Statistical Analysis

This was designed as a noninferiority trial in which the null hypothesis states that the rate of type 3 bleeding differed between treatment groups; the alternative hypothesis is that the rate of type 3 bleeding between the 2 groups was not different by more than the noninferiority margin. A noninferiority margin of 3% was determined by several methods. Site investigators were polled about an acceptable difference in bleed rates between treatment groups. At Massachusetts Eye and Ear Infirmary, the type 3 bleed rate was 1.8% in 2011. In 2012, Gallagher et al13 published data indicating a type 3 bleed rate of approximately 2%. The national benchmark used by the Massachusetts Eye and Ear Infirmary for type 3 bleeding is between 1.25% and 3.25%. A 3% margin was selected because it is approximately twice the difference between the upper margin of the US benchmark and expected bleed rate of 2%; a bleed rate above this percentage would be considered excessive.

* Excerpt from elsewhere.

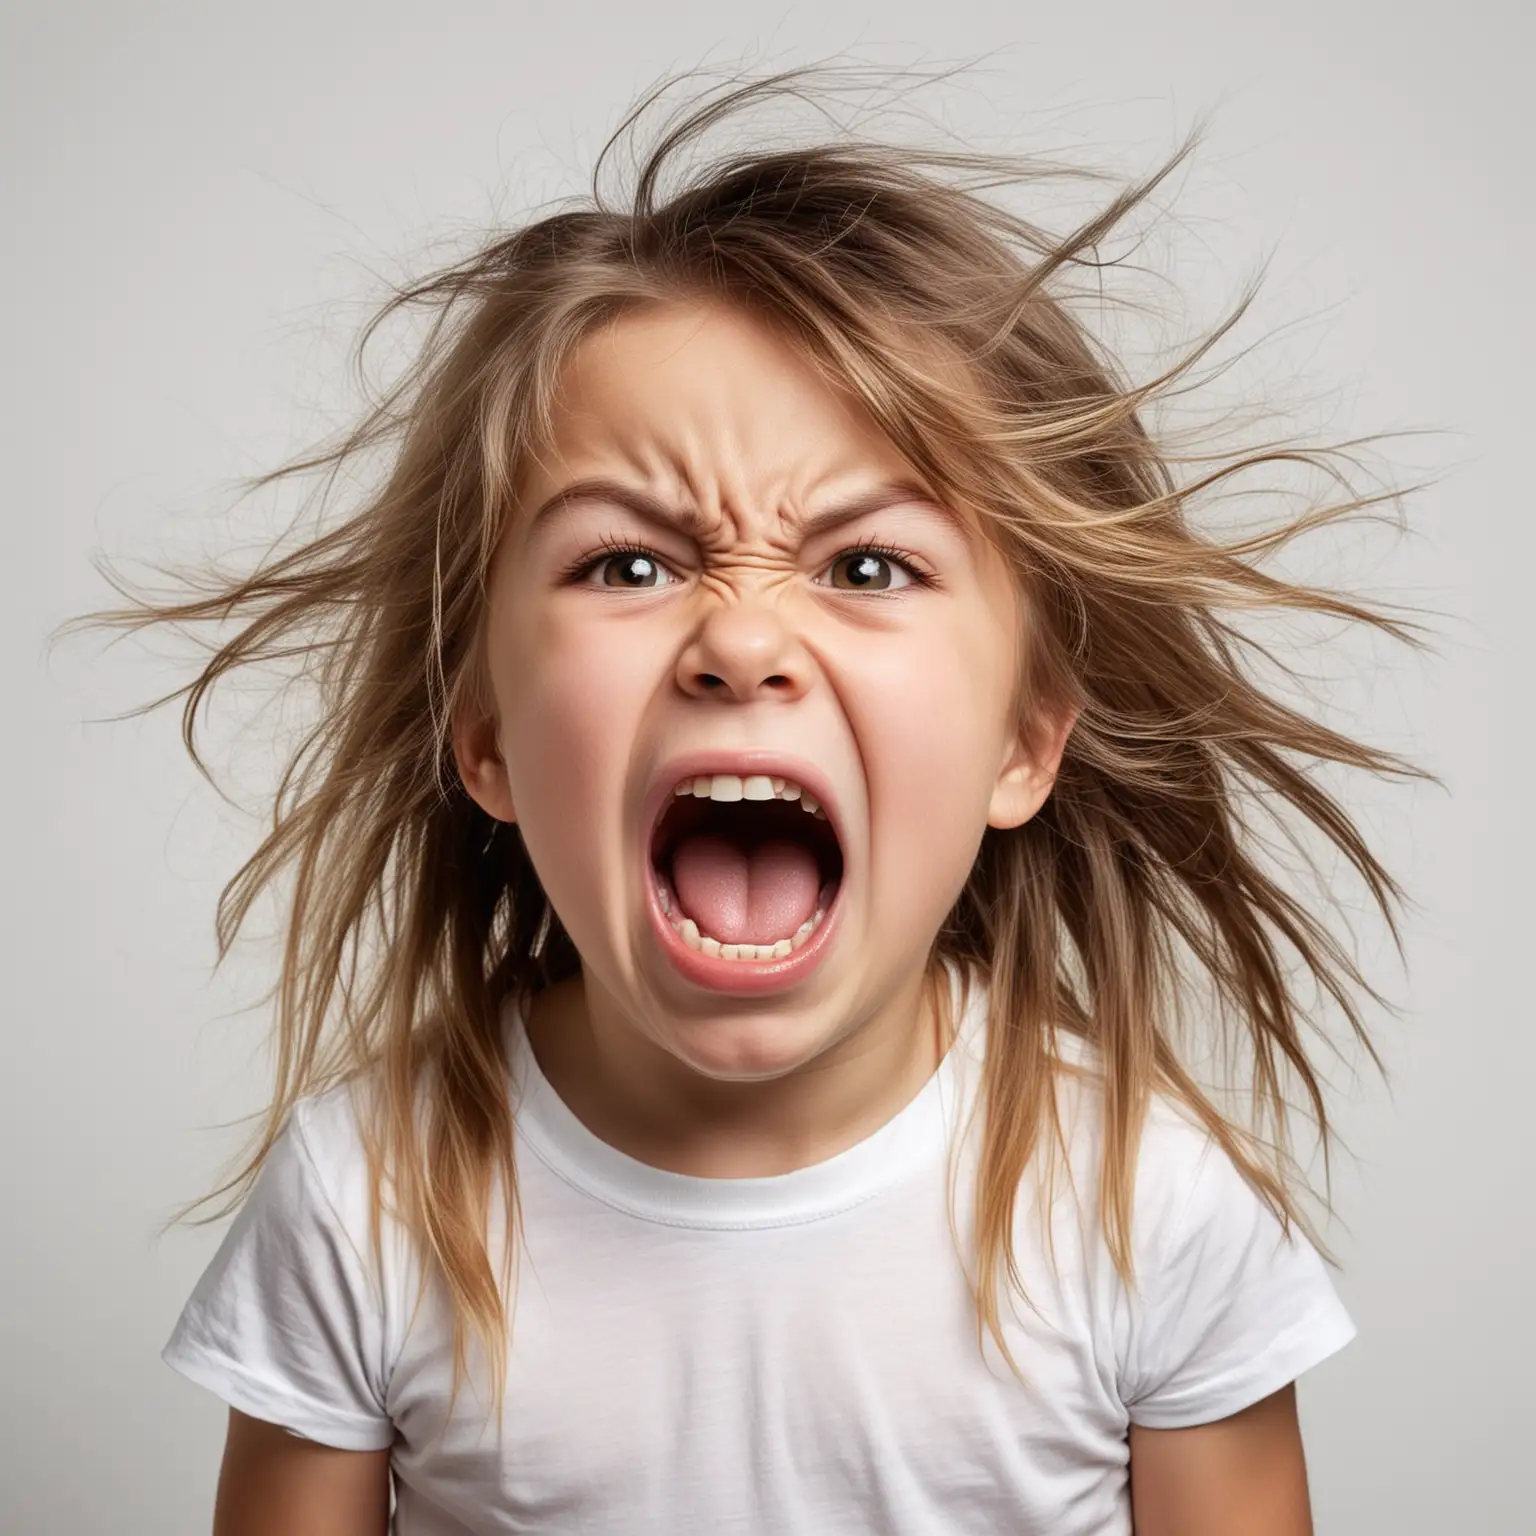 Angry Child with Unkempt Hair Screaming on White Background

Sample size was calculated to have a power of 80% to detect the difference of 3% between treatment groups using a 1-sided test and significance level of .025, factoring in interim analyses at 14% and 50% enrollment. Sample size calculations assumed an O’Brien-Fleming spending function and incorporated a 5% dropout rate. The noninferiority hypothesis required that the ibuprofen group have no more than a 3% absolute increase in the rate of type 3 bleeding compared with the acetaminophen group. The expected bleed rate in the acetaminophen group was set at 2% based on prior studies of children receiving intraoperative dexamethasone and postoperative acetaminophen.13 A sample size of 722 patients (361 per group) was calculated to achieve the 686 participants needed for intention-to-treat (ITT) analysis. With approval of the institutional review and data and safety monitoring boards, the sample size was increased after enrollment of the first 722 participants when fewer than 686 children were eligible for modified ITT (mITT) analysis.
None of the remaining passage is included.